The services provided through RAID often entail highly specific expertise in areas such as toxicity testing, pharmacodynamics, histopathology, and the production of materials that meet FDA Good Manufacturing Practice (GMP) standards for testing in humans.

For example, Dr. Elizabeth Jaffe and colleagues at the Sidney Kimmel Comprehensive Cancer Center at Johns Hopkins originally developed a novel therapeutic vaccine for pancreatic cancer through another NCI program called an NCDDG. But it took the RAID program to provide the researchers with GMP-quality material for use in the phase I trial of this vaccine. Of the 14 patients in that trial, 3 are still alive 7 years later, one of Dr. Jaffe's colleagues, Dr. Daniel Laheru, recently reported. Data from the phase II trial demonstrated an astounding 76-percent survival rate after 2 years.

A similar program called RAPID has become an important resource for researchers investigating promising chemopreventive agents. Run by NCI's Division of Cancer Prevention, RAPID, although much smaller in scope than RAID, also offers essential services, such as toxicology studies and the development of GMP-grade material, to successful applicants.

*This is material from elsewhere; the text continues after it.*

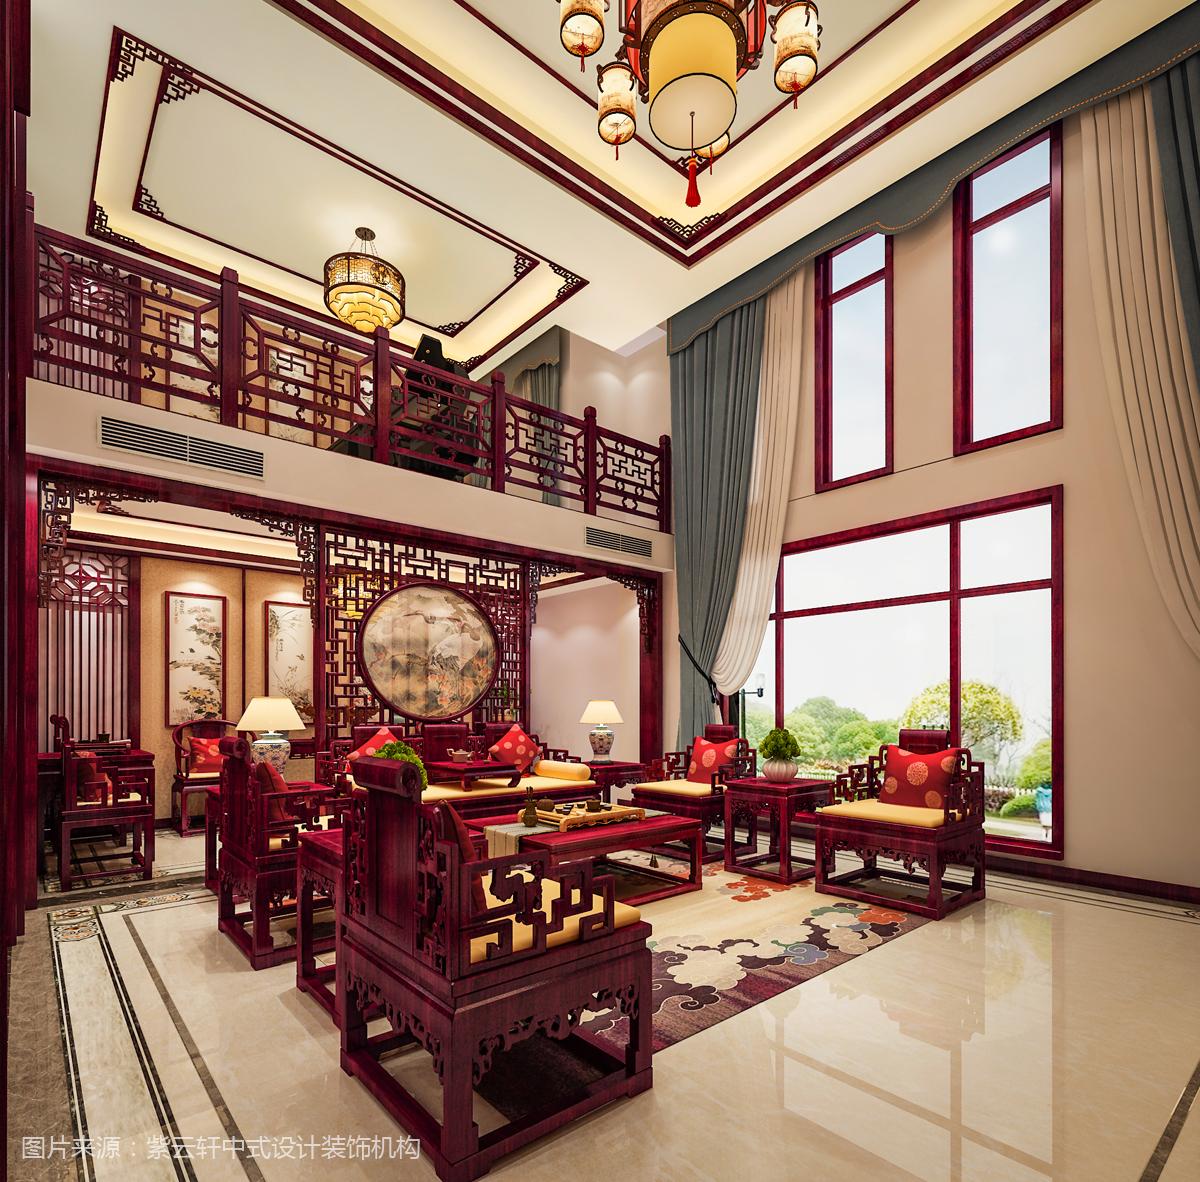 中式设计 别墅中式设计

More than 20 projects have received support through RAPID since its launch in 2000. One of the agents developed through this work, Se-methylselenocysteine, has demonstrated potent chemopreventive effects in prostate cancer models and will be tested in a phase I trial at Roswell Park Cancer Institute this year. Several other intriguing agents developed with assistance from RAPID look to be on the same track.

In a testament to the success and popularity of RAID, the National Institutes of Health, under the auspices of the Roadmap initiative, has launched its own pilot RAID program, which is also managed by NCI's Developmental Therapeutics Program.

At the moment, not nearly as many anticancer agents are reaching patients as quickly as we would like. But successful programs like RAID and RAPID are serving as catalysts for a new generation of interventions that will herald a new era of hope in our efforts to thwart this disease.